**RAW DATA**:
────

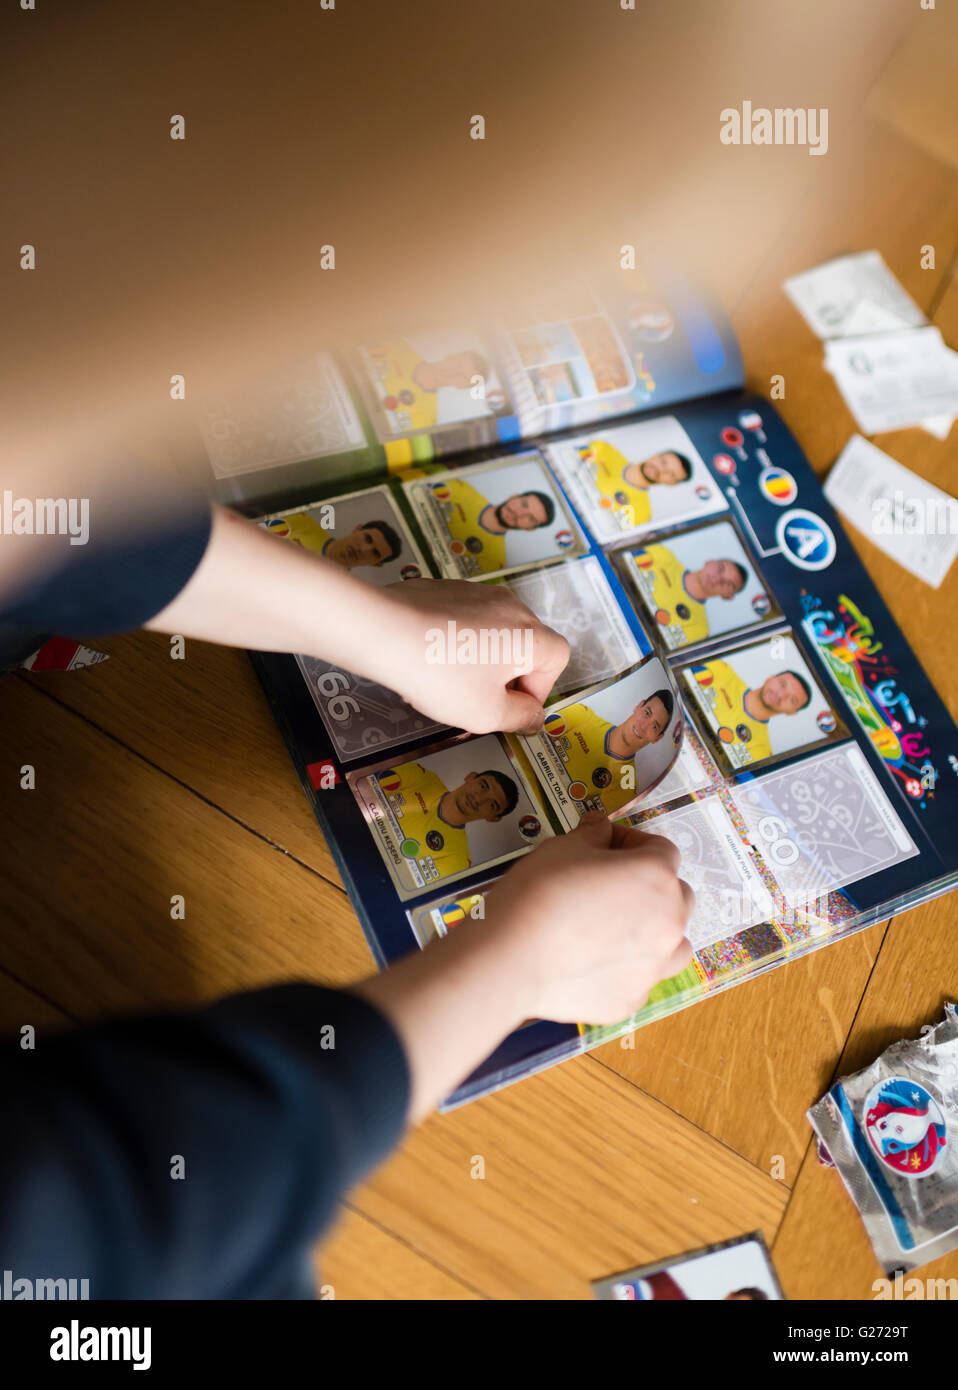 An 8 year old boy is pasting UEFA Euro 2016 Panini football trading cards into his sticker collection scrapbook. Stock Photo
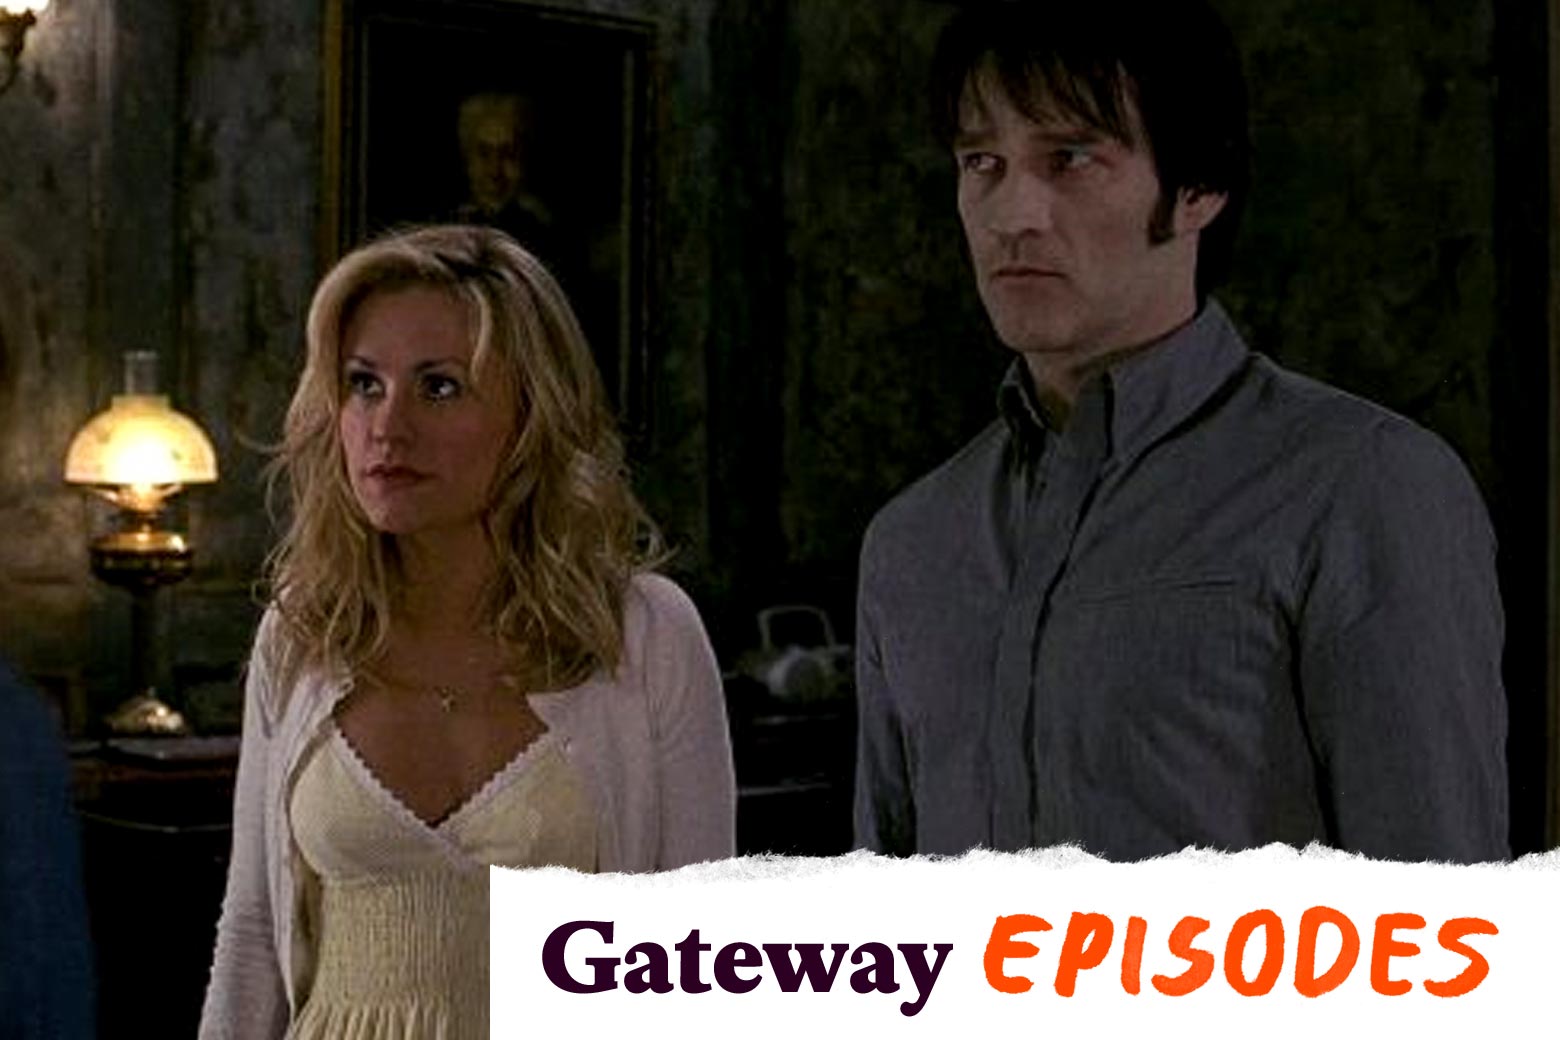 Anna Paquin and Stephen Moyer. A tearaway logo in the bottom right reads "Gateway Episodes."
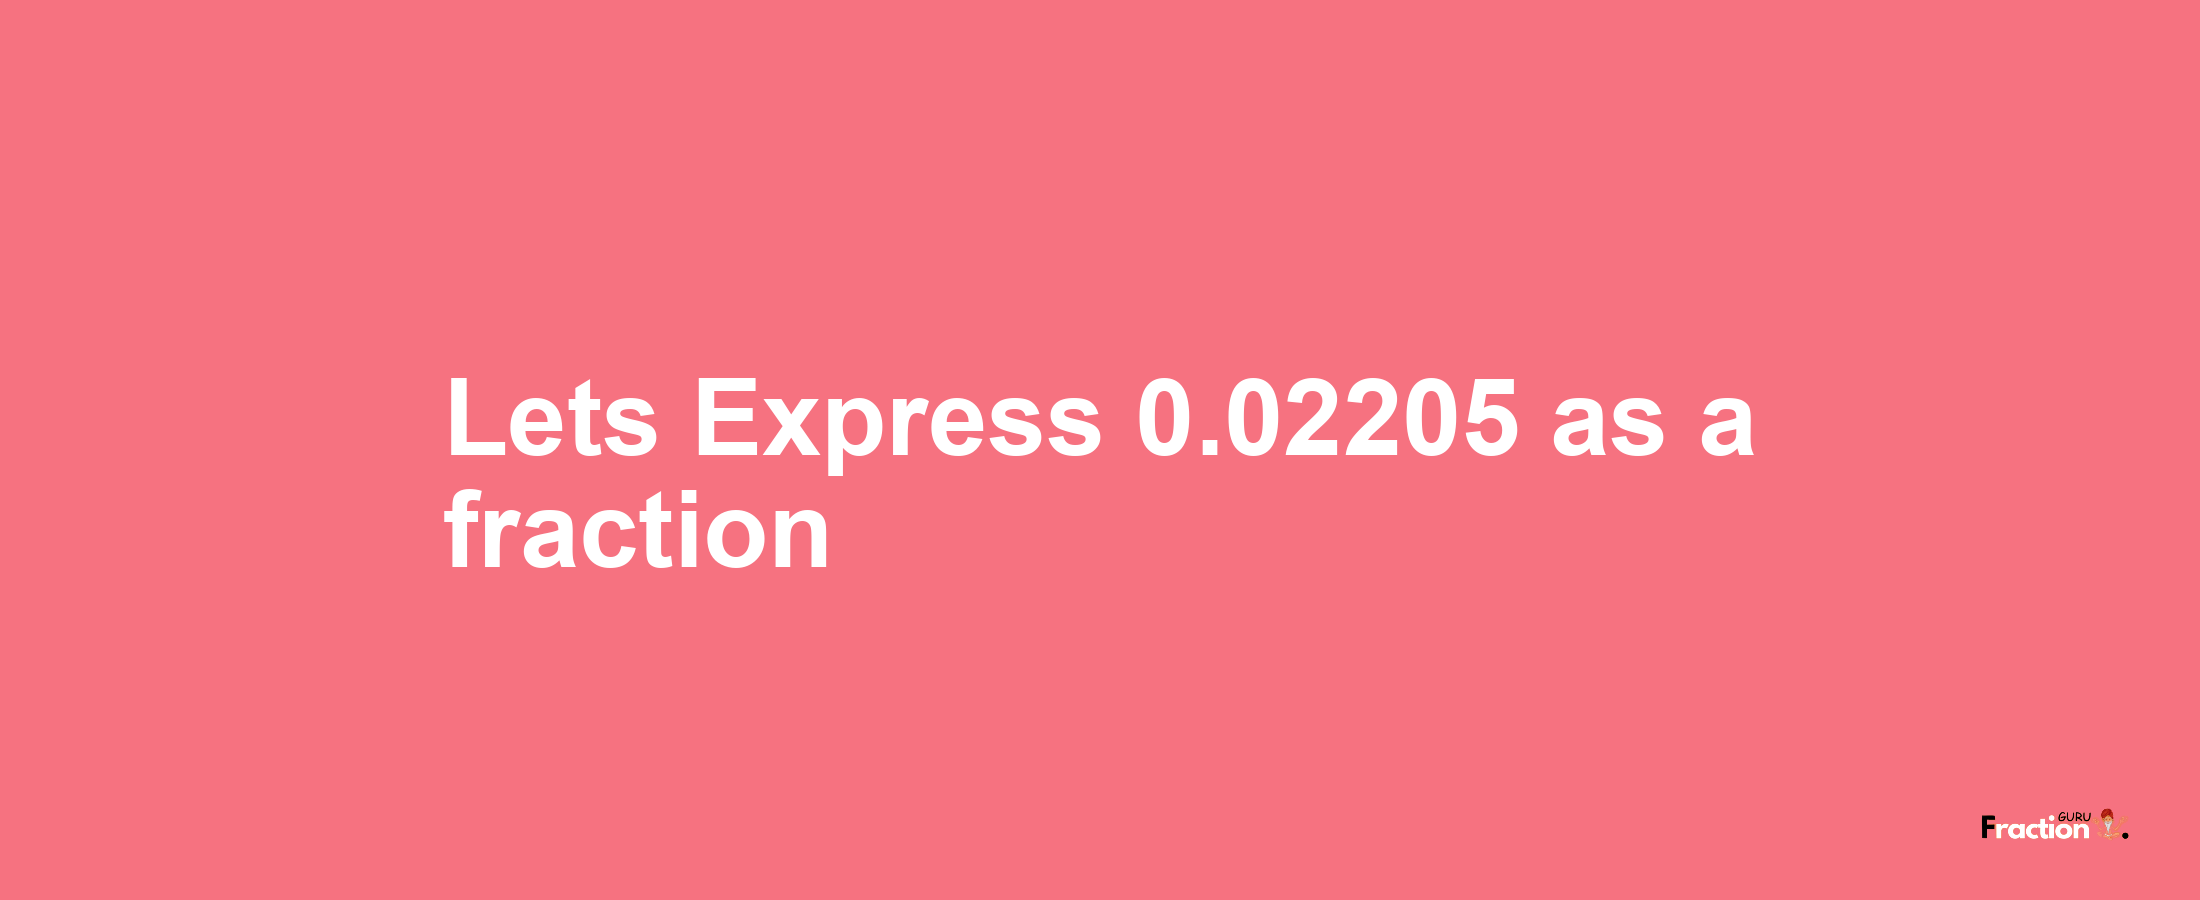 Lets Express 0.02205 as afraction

────

**WHAT YOU HAVE TO DO**: All of the material goes into the answer exactly as it stands, except for the pictures.

**THE ANSWER**:
 An 8 year old boy is pasting UEFA Euro 2016 Panini football trading cards into his sticker collection scrapbook. Stock Photo
 Anna Paquin and Stephen Moyer. A tearaway logo in the bottom right reads "Gateway Episodes."
 Lets Express 0.02205 as afraction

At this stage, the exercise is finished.